Analysis of heat-up, devolatilization, and ignition of coal particles using point-particle DNS

It is acknowledged that pulverized coal combustion (PCC) will remain a major source of electrical energy, due to a growing energy demand and coal being abundant and cheap. To reduce CO2 emissions, retrofitting coal power plants with oxy-fuel combustion technology is a viable option. Burning coal in O2-rich conditions leads, however, to temperatures that exceed burner limits. For mitigation, a part of the exhaust stream is re-injected into the burner. This changes the burning conditions significantly, which necessitates investigations of O2-/CO2-rich combustion in oxy-coal burners.

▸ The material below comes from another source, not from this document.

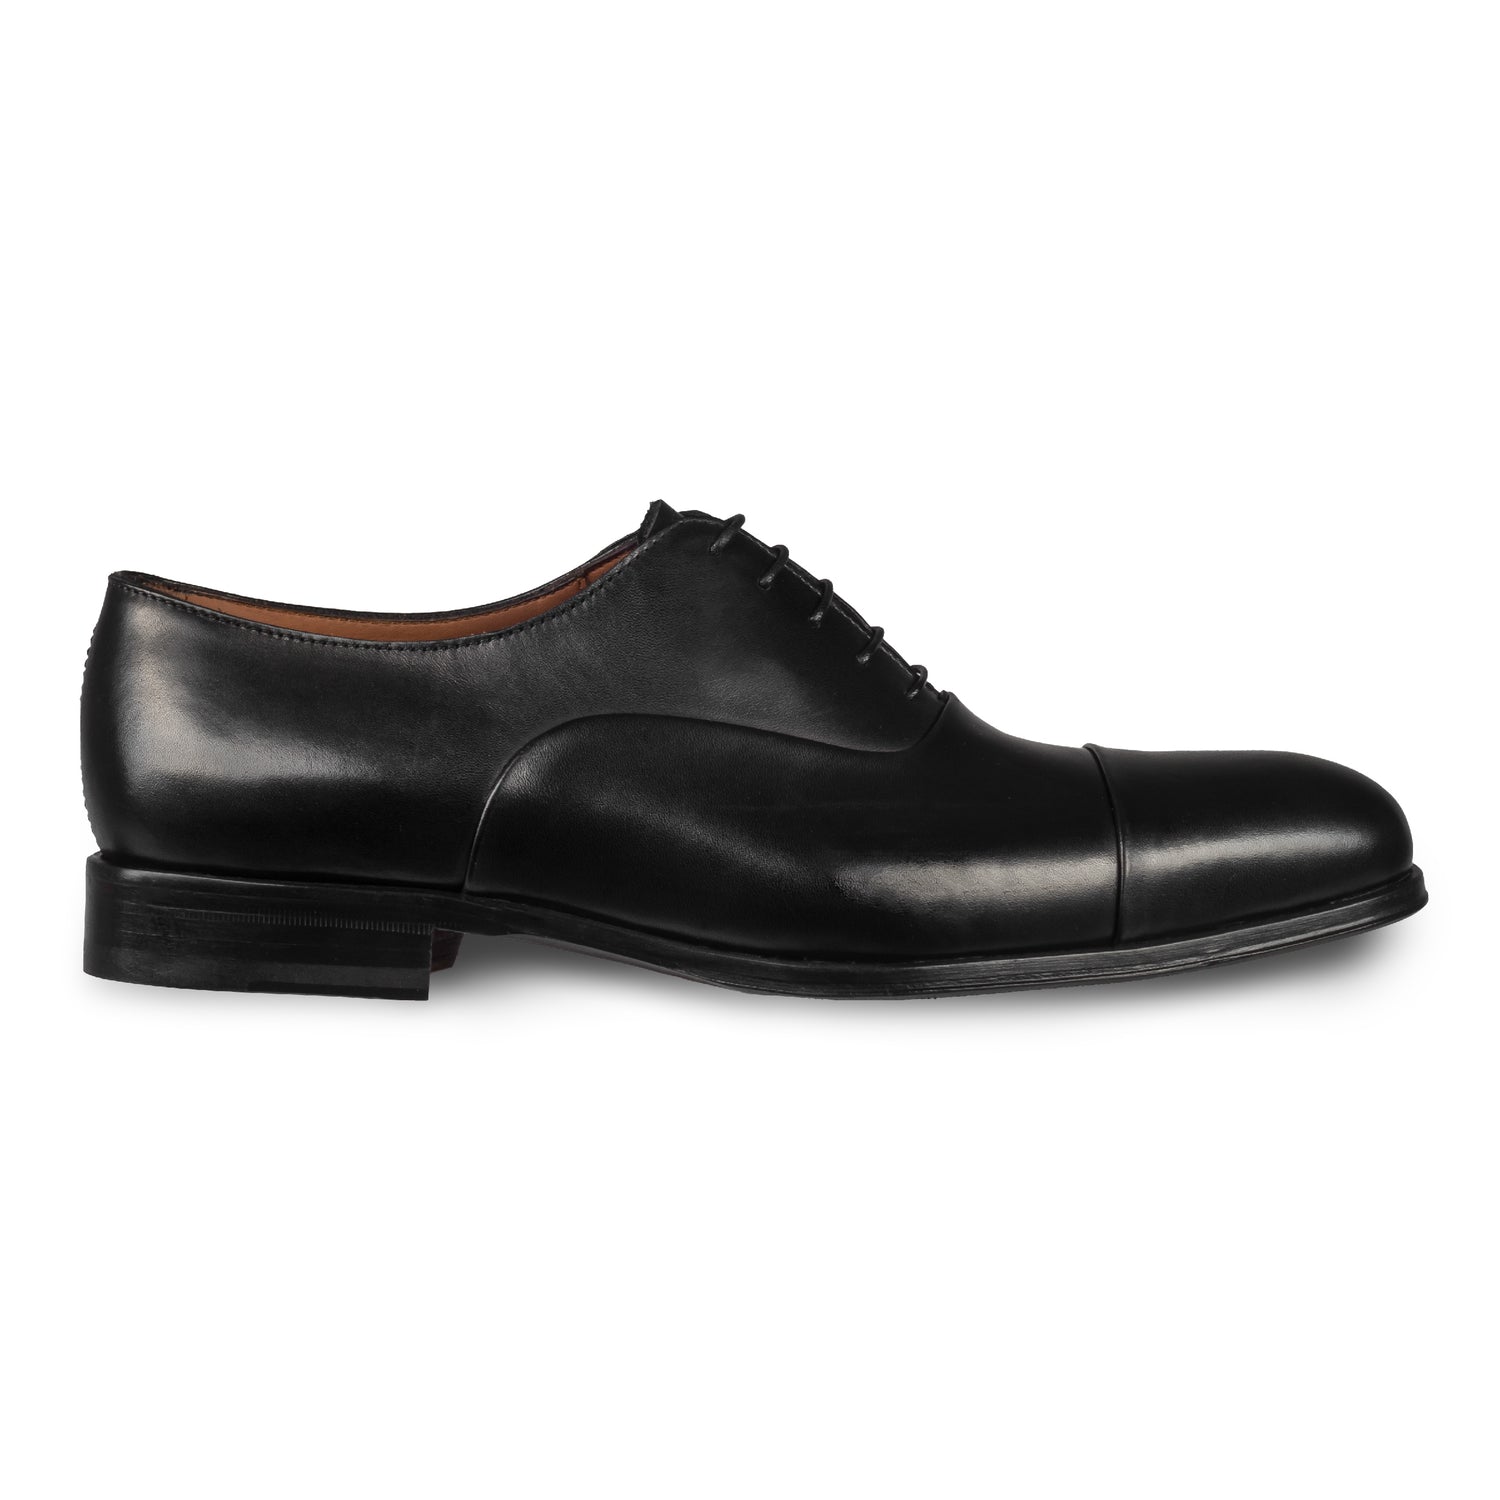 FLECS | Anzugschuh Oxford Captoe in schwarz von FLECS, durchgenäht.  Seitliche Ansicht der Außenseite rechter Schuh. Bei Sisento.

We present an examination of coal particles that cluster in reactive turbulence using point-particle DNS. Mimicking typical burning conditions, the mass loadings are about 0.1, Stokes numbers are about 1, and the Taylor-scale Reynolds number is about 50. In a precursor simulation, particles are randomly seeded in a turbulent base flow to obtain statistically homogeneous and isotropic initial conditions. The particles are heated up by the hot gases and devolatilize, followed by volatile combustion in the gas phase. Simulation results are assessed in terms of instantaneous contour plots, spatially averaged statistics, and joint probability distributions of relevant combustion quantities.